From start to end, write out the following data exactly, apart from its images.

Provided data:
[Start of Attachment]
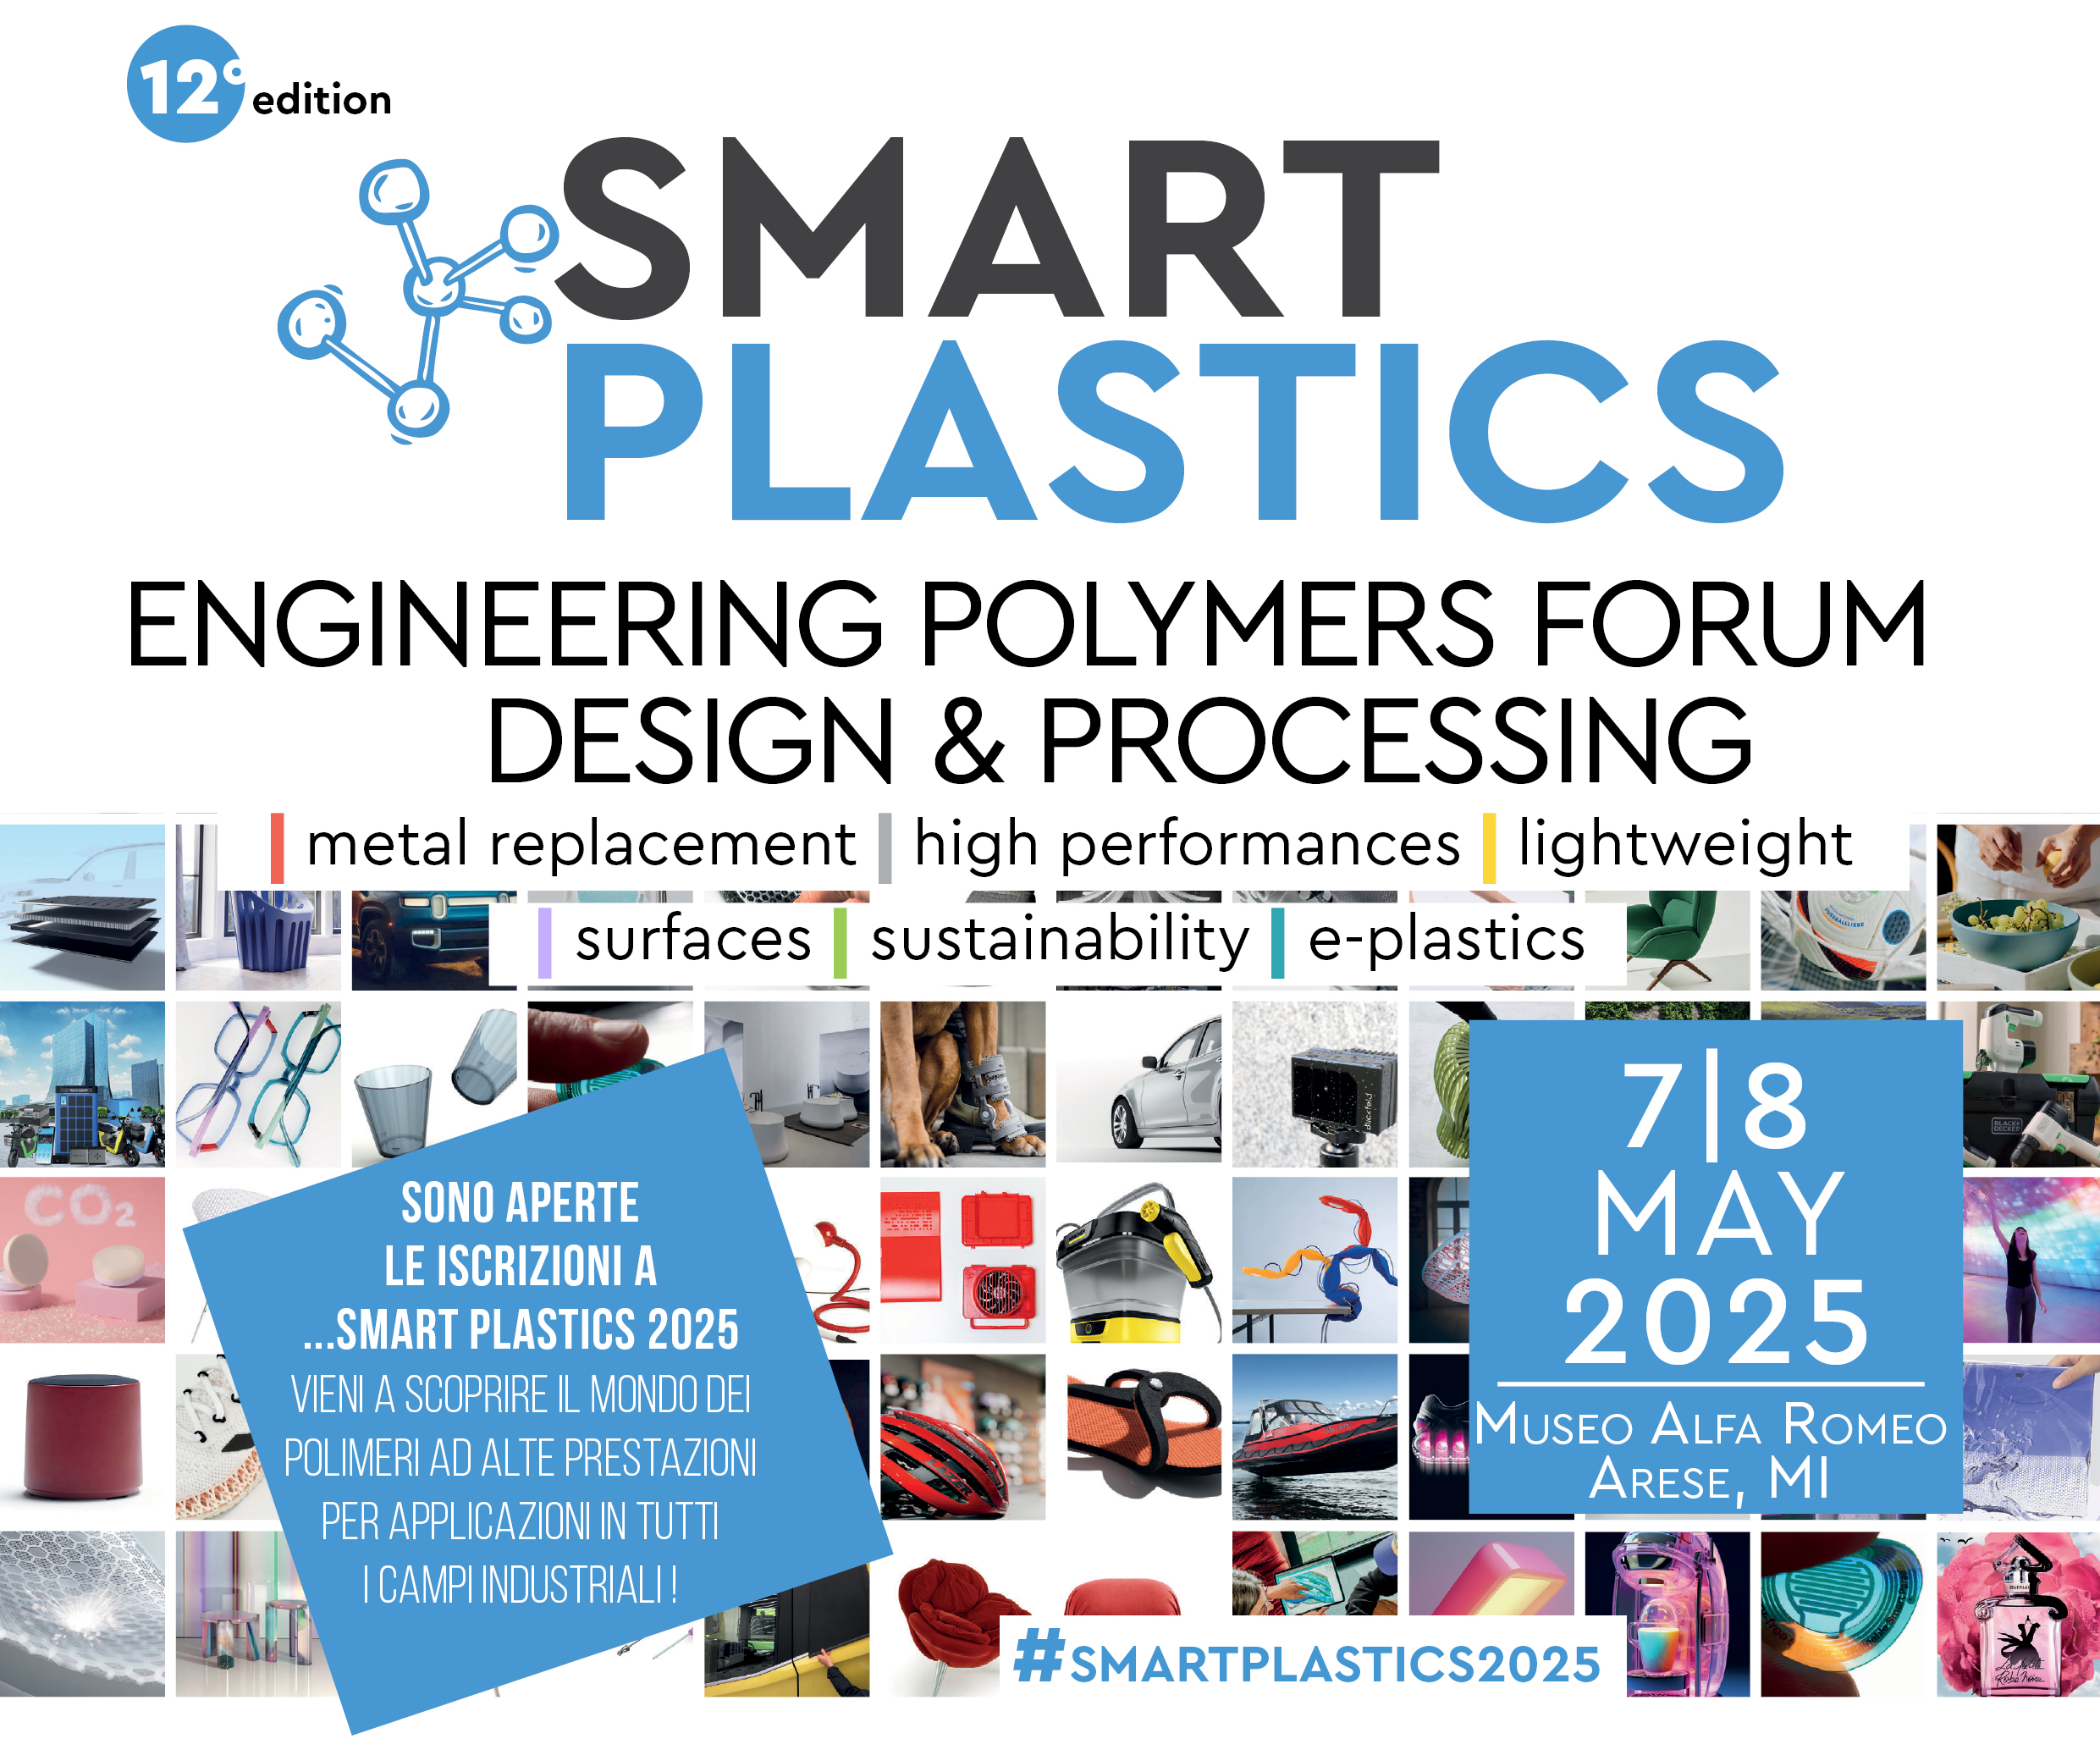 Aperte le Sponsorizzazioni per il Convegno Smart Plastics 2025!
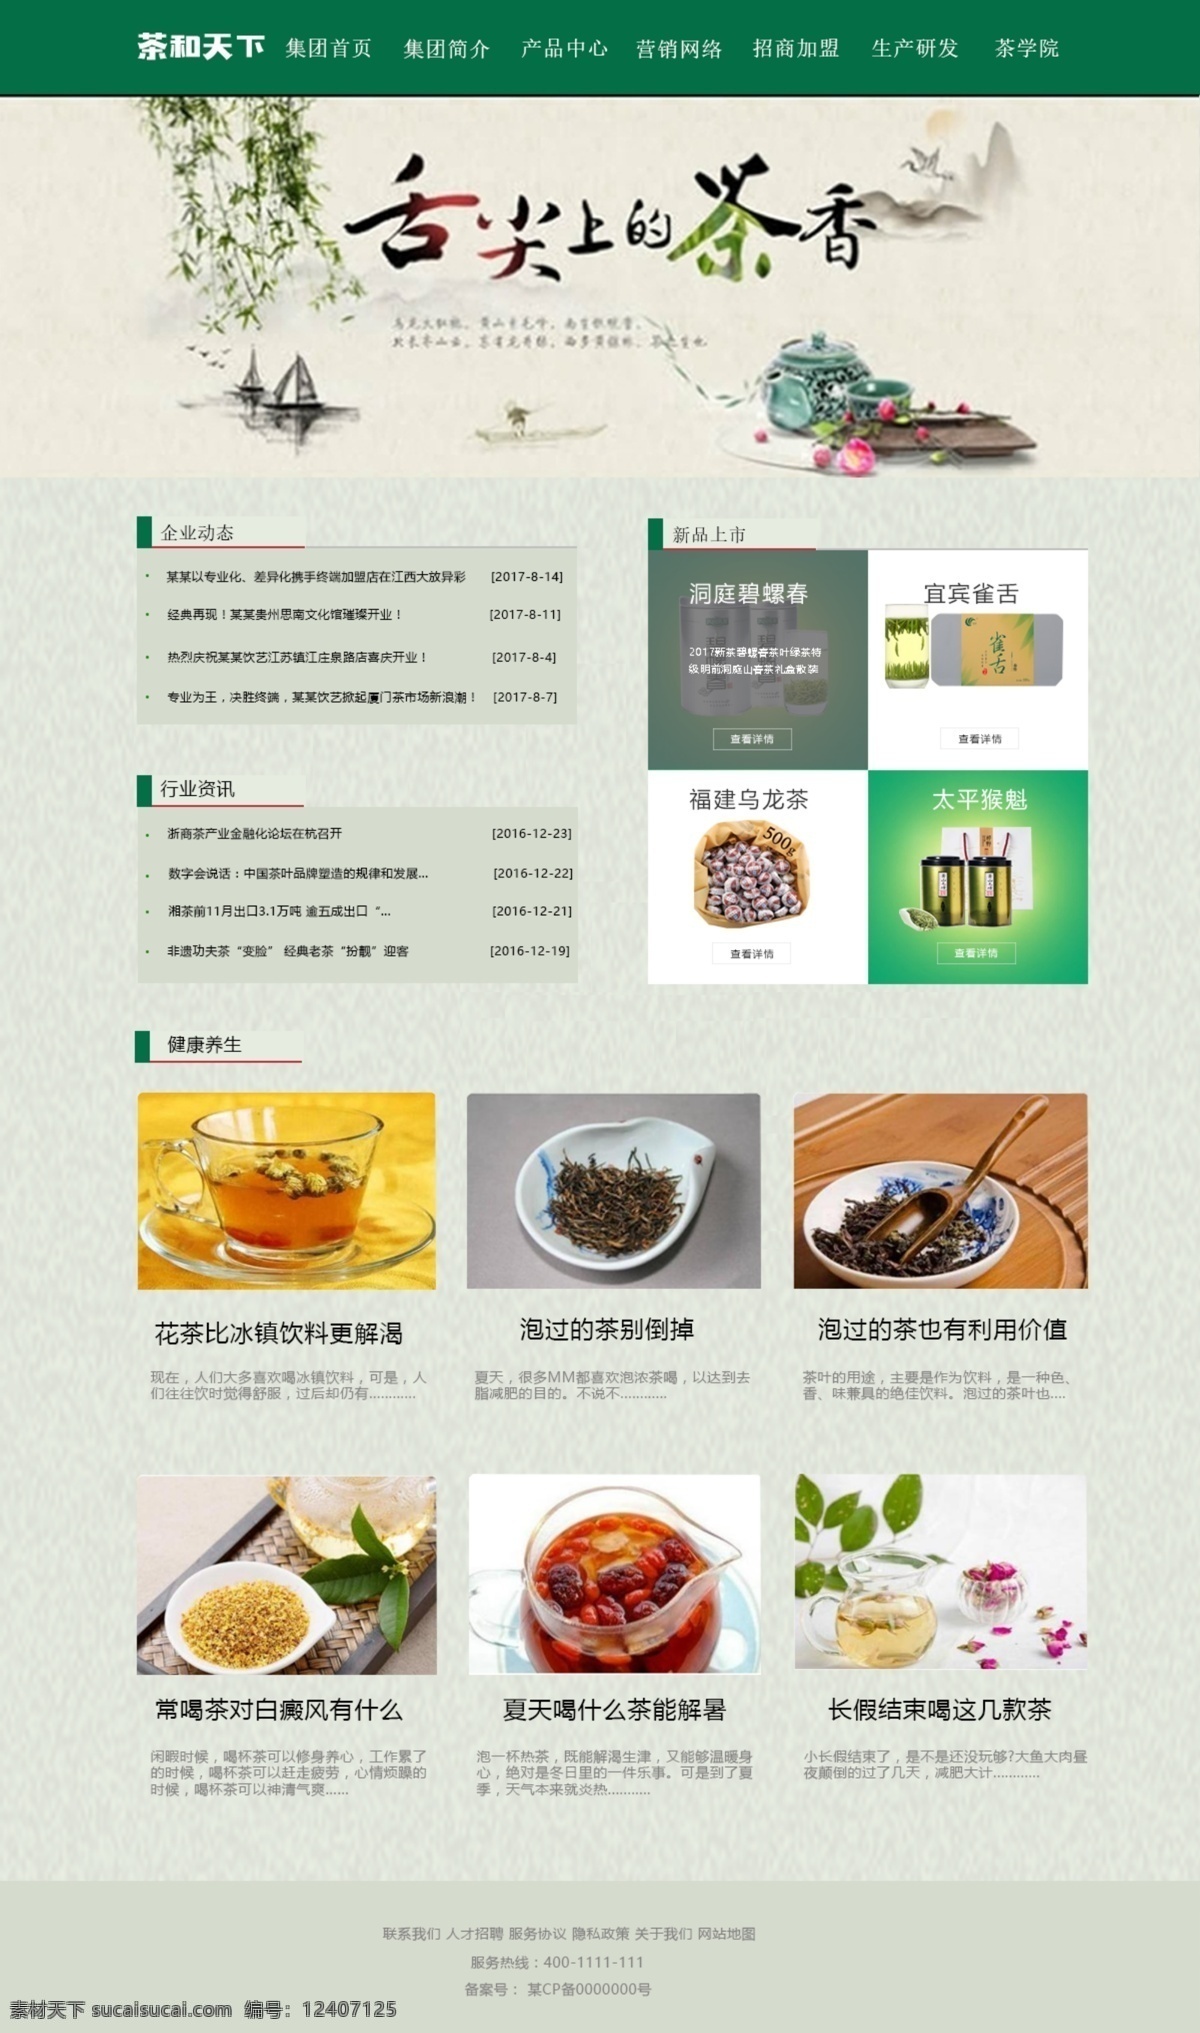 茶叶 企业 网站首页 模板 导航 采用 绿色 符合 颜色 文字 微软 雅 黑 宋体 中国风主题
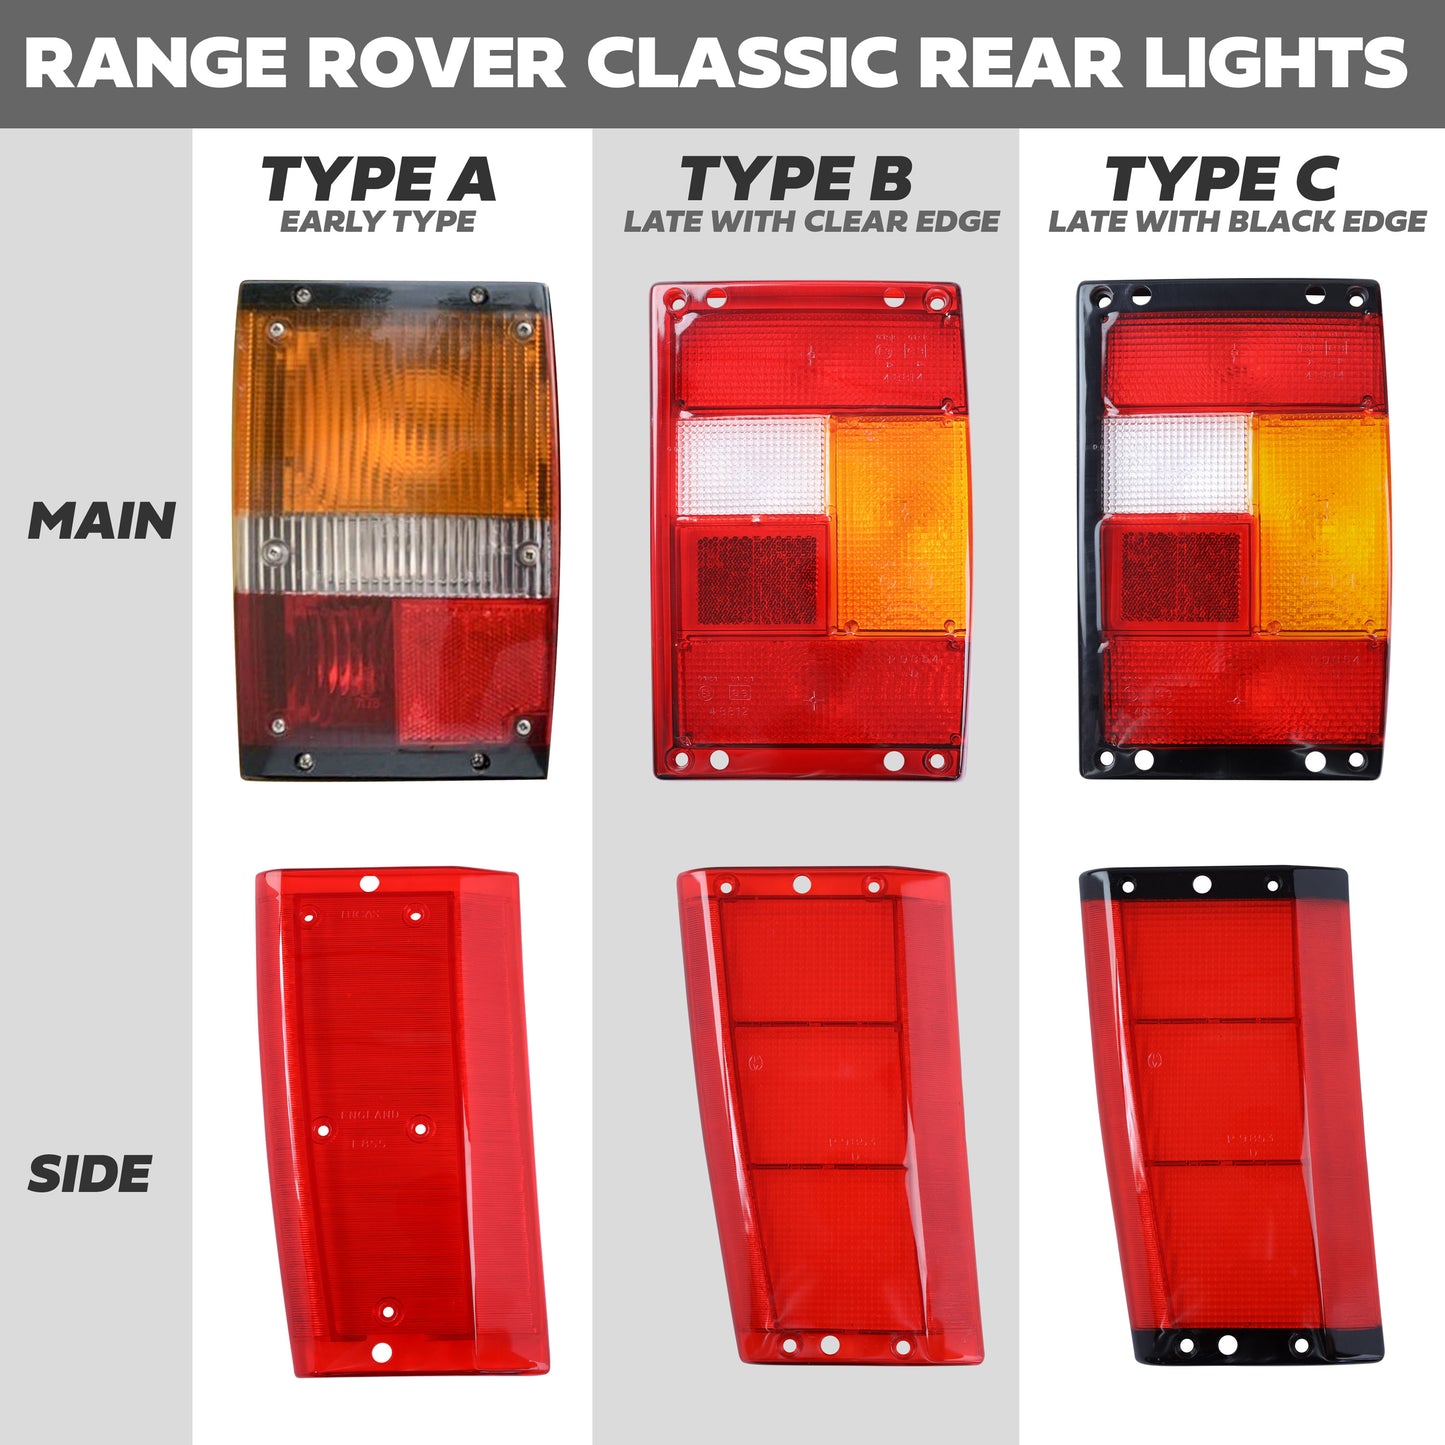 Rear Light Lens for Range Rover Classic - Main Lens - Black Edge - Right Side
[End of Attachment]
Written reply:
 Aperte le Sponsorizzazioni per il Convegno Smart Plastics 2025!
 茶叶 企业 网站首页 模板 导航 采用 绿色 符合 颜色 文字 微软 雅 黑 宋体 中国风主题
 Rear Light Lens for Range Rover Classic - Main Lens - Black Edge - Right Side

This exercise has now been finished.